What is required >> If a line of the material holds the string "Stock", please copy it.

Exercise data >>
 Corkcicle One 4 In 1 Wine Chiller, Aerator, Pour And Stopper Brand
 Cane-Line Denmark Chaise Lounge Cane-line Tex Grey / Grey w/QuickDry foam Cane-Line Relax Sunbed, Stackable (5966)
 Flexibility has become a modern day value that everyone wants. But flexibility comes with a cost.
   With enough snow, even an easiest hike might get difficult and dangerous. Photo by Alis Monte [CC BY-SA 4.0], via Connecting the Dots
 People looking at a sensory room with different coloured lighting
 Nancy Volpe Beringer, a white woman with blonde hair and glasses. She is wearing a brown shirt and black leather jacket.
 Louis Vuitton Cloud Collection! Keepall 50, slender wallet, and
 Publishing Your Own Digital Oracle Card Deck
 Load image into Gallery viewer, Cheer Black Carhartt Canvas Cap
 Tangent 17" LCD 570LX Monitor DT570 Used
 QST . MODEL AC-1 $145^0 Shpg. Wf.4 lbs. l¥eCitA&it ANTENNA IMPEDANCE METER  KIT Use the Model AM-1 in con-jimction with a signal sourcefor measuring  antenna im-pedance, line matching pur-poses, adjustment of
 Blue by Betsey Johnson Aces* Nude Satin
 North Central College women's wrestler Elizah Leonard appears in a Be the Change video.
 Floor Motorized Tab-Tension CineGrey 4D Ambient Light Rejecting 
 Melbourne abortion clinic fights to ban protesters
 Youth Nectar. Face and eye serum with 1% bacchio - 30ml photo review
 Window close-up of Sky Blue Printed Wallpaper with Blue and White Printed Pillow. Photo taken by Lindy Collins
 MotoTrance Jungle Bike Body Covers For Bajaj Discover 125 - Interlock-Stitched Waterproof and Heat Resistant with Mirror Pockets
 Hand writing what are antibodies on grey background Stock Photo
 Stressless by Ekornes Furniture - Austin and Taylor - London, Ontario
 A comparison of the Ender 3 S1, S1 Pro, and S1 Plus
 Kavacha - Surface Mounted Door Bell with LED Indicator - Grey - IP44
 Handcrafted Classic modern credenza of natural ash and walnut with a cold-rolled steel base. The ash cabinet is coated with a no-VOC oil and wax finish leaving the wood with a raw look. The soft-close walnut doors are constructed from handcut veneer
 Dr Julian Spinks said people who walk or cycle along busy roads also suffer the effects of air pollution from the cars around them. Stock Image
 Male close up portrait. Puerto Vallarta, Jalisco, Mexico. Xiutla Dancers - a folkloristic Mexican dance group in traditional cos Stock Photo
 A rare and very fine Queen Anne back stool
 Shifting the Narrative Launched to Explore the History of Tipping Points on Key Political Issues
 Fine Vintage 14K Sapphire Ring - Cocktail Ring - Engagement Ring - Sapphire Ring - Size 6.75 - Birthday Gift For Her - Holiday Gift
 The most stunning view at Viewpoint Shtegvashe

Answer space >>
 Hand writing what are antibodies on grey background Stock Photo
 Dr Julian Spinks said people who walk or cycle along busy roads also suffer the effects of air pollution from the cars around them. Stock Image
 Male close up portrait. Puerto Vallarta, Jalisco, Mexico. Xiutla Dancers - a folkloristic Mexican dance group in traditional cos Stock Photo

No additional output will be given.